Recently, Pontheolla and I had the pleasure of hosting “Annalisa” (not her real name) at Clevedale Historic Inn and Gardens. Annalisa is an engagingly convivial twenty-something ambitious college student with a thoughtful vision for her future. Annalisa is Puerto Rican. In this fact or rather my unbidden, yet inherent reaction laid the root and fruit of a significant, painful rediscovery for me about the insidious nature of prejudice.

This past Saturday, I asked Annalisa, “What are your plans for the coming Memorial Day?”, adding, “yet another annual American holiday.” Casting a quizzical look, she answered simply, “I’m not sure yet.”

Sensing our sudden shared awkwardness, I realized my mistake. But it would take a day or two for me to process how deeply I had erred. In my question, I intended to be kind, not assuming blithely, blindly that she would observe this national commemoration. That was my conscious thought, which could not camouflage, much less cover the vulgar nakedness of my ignorance. Annalisa is an American. Yet I, in my question, exposed my unconscious bias, objectifying her. She, at that moment of my inquiry, was no longer a person, indeed, a fellow citizen, but rather a symbol of someone, something I perceived as non-native, thus, not in possession and having no claim on the birthright of my national identity. Complicating my dis-ease, I am nearly constantly mindful that some of my ancestors arrived in this land in chains, possessing and having a claim on nothing.

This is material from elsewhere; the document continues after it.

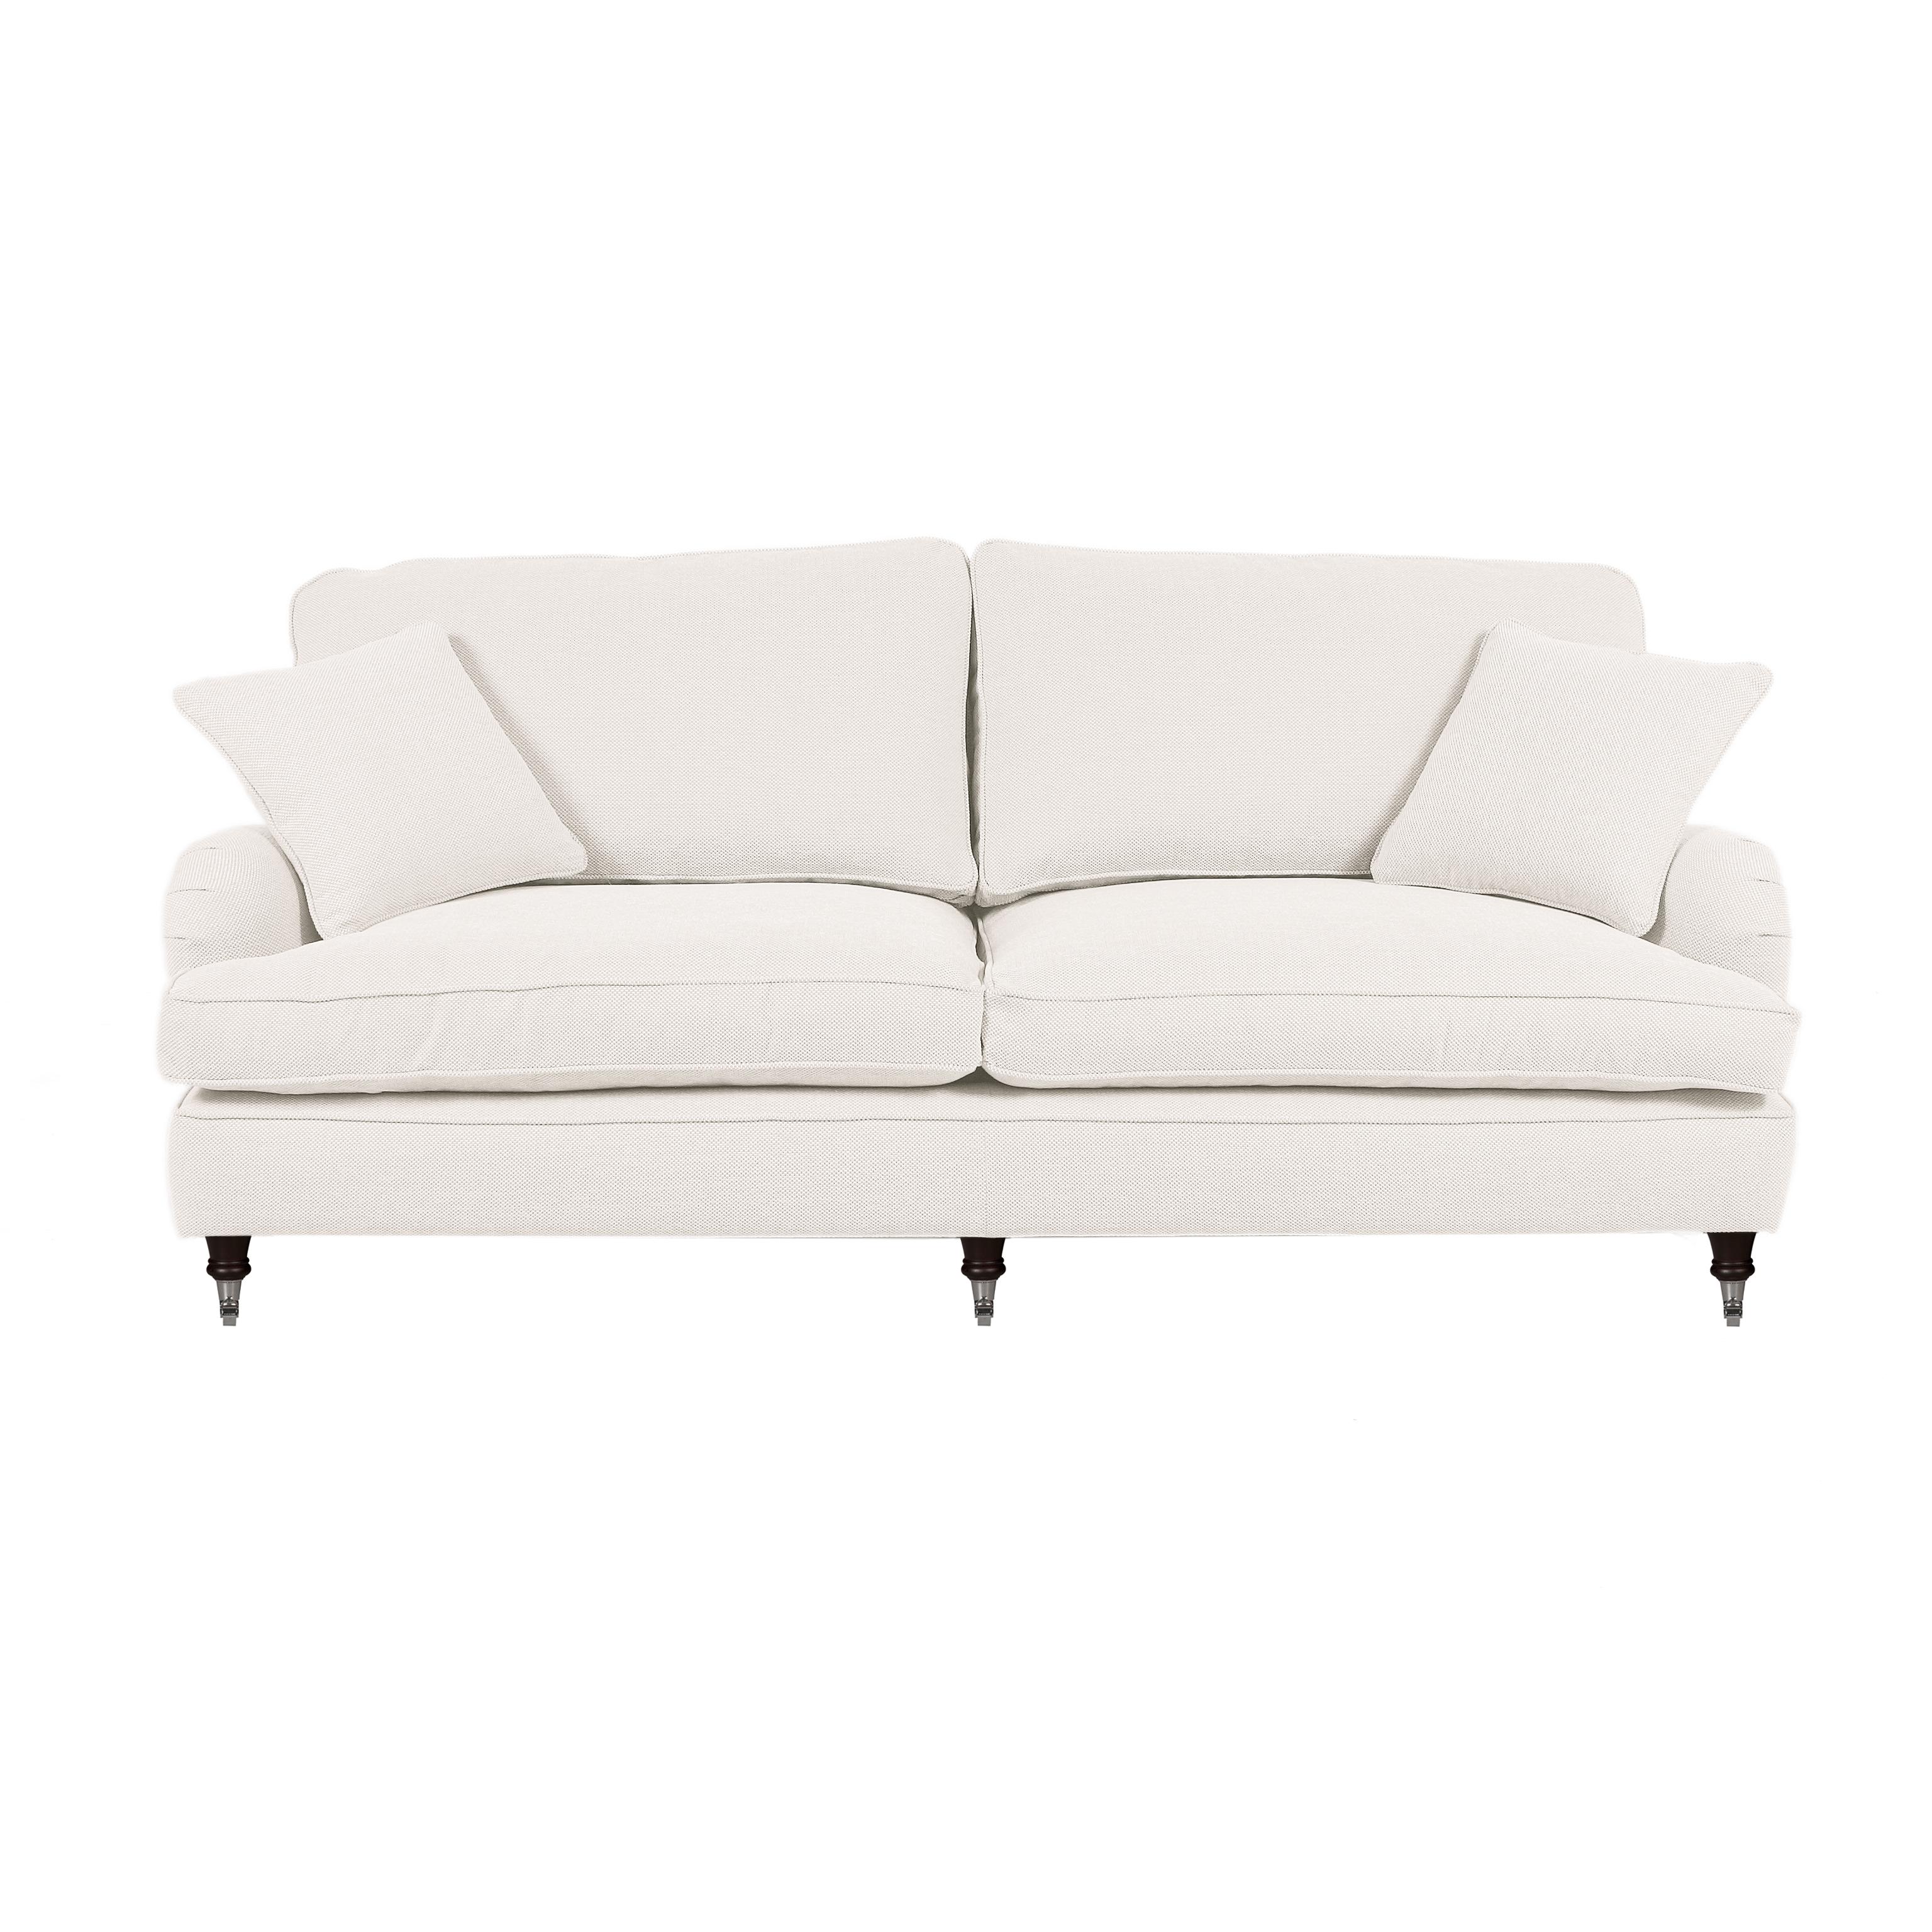 Howard soffa 3-sits - englesson.se

Later, I had the blessed opportunity, the sacred necessity of articulating to Annalisa my recognition of my sin and asking for her forgiveness. She was quiet. A tear formed in the corner of her eye; silent testimony that she had felt the barb of my unwitting, yet no less wounding slight. She said softly, “Not to worry.”

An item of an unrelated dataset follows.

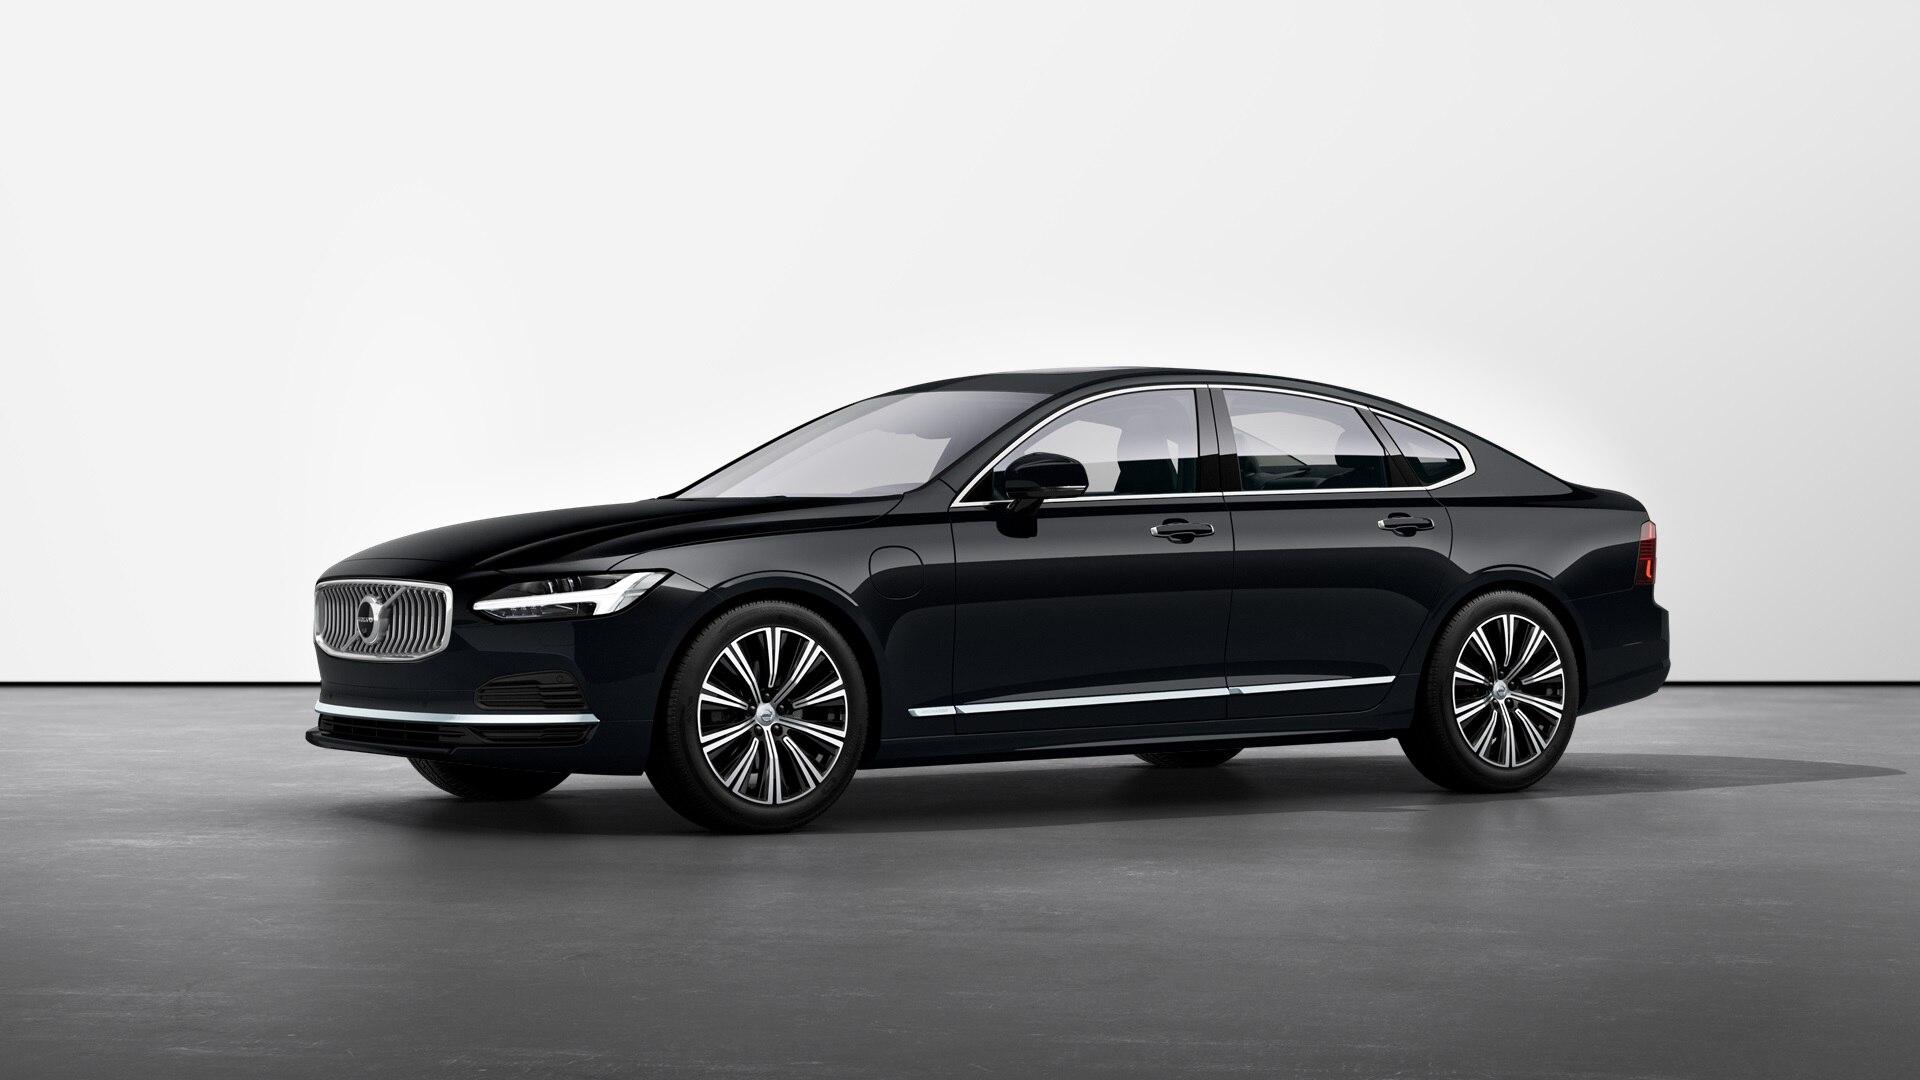 2021 Volvo S90 Recharge Inscription - Onyx Black Metallic

For the sake of Annalisa’s graciousness, I won’t worry. In my recommitment to the love and justice of Jesus, for the next appearance of my resident ineffaceable prejudice, in vigilance, I will watch.

8 thoughts on “revelación

  1. Paul,

    As you well know my long-time neighbors are Puerto Rican, so many times we’ve heard similar stories to what you shared and have listened to their hurt.

    What’s different in your story is that you immediately recognized your error AND most importantly, you cared enough to apologize and ask for forgiveness.

    I am confident that you’ll “keep watch” in the future, AND I happen to know that your heart and soul are golden and that your apology was deeply sincere.

    Liked by 1 person

    • Loretta, I thank you, truly, deeply for your confirming word. Reflecting on your comment, I am reminded of an old saying my father oft repeated: “O, to see yourself as others see you.” Usually, he meant it as a criticism and an admonishment for me to watch my behavior. You mean it as a word of assurance and support, for sometimes what others, you see of me is good. I thank you for this. Much love

      Liked by 1 person

    • Amen, Ann, amen. And sometimes, given what I do and say, especially when divergent and distant from what I profess to believe, it’s difficult for me to behold my having been called, blessed, and given, for all I’m apt to see is that I’m broken. Therefore, my dear sister, I thank you for your sanctified reminder that in Christ, as he is, so we always embody all four elements. Much love


  2. Memorial Day is complicated. (For an admittedly partial list of supposed ‘origins,’ see

    Prejudice, racism, unintentional slights, …the world is confused, angry, and prone to knee-jerk reactions right now. I attempt to heal hatred and prejudice here in upstate SC. As a native of Charleston, I am keenly aware of the historical roots. On one side, I attempt to relate to the ‘minorities’ here (who, in fact, are in the majority) and show them that not all people cherish their hates; some of them, in fact, attempt to normalize the environment, if not to make reparations. On the other side, I am attacked by beloved family for “wanting to be ‘politically correct””…the latest slur.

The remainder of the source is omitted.